ワクチンプログラムの多くは、感染症流行対策イノベーション連合(CEPI)と提携しています。日本政府は、CEPIの設立において、ノルウェー、英国、ドイツ、カナダ、エチオピア、オーストラリア、ビル&メリンダゲイツ財団、ウェルカムトラストと並び、創設者の一員として関与しています。

また、CEPIは、世界初のR&Dに特化した官民パートナーシップ基金として日本で設立された公益社団法人グローバルヘルス技術振興基金(GHITファンド)に次ぐ、世界で2番目のR&Dに特化した官民パートナーシップ基金として設立されました。CEPIとGHITの両ファンドとも、R&Dパートナーシップを通じて感染症の新薬の研究開発を進めています。

しかし、R&Dパートナーシップは、これら公衆衛生の領域に限定されるわけではありません。実際、過去20年間に承認された新薬の大半は、バイオベンチャー企業とのパートナーシップの成果です(*6)。これらバイオベンチャー企業は、製薬会社、学術機関、ベンチャーキャピタル及び政府と連携しながら、資金を集め、新薬を開発し、患者へ新たなイノベーションを提供しています。

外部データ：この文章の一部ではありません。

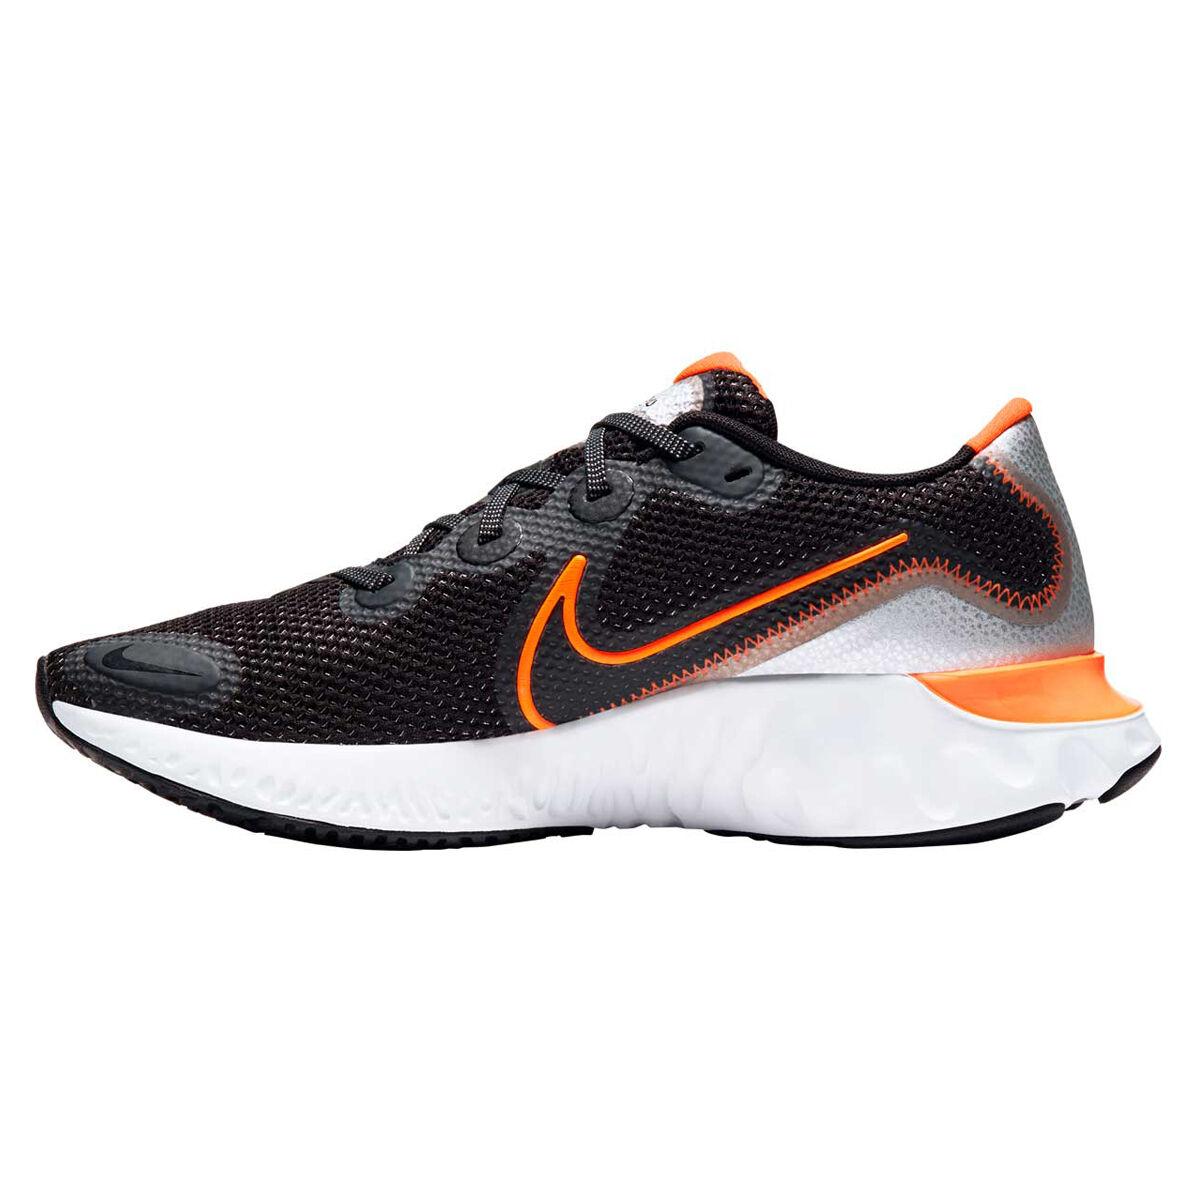 Nike Renew Run Mens Running Shoes | Rebel Sport

R&Dパートナーシップは、グローバリゼーションとITの進化によってさらに推進される一方、文化や専門領域の違いから生じる壁や、専門領域内での競合上の観点から、コミュニケーションや協働が困難になる可能性があります。しかし、日本の製薬会社と政府間おいては、CEPIとGHITが潤滑油となり、世界的にリーダーシップを発揮しています。

今後、日本は国内外のバイオベンチャーとのR&Dパートナーシップを進め、感染症以外でもリーダーシップを高めることができます。その結果として、日本発のサイエンスとイノベーションを世界中の患者の方々に届けることができるでしょう。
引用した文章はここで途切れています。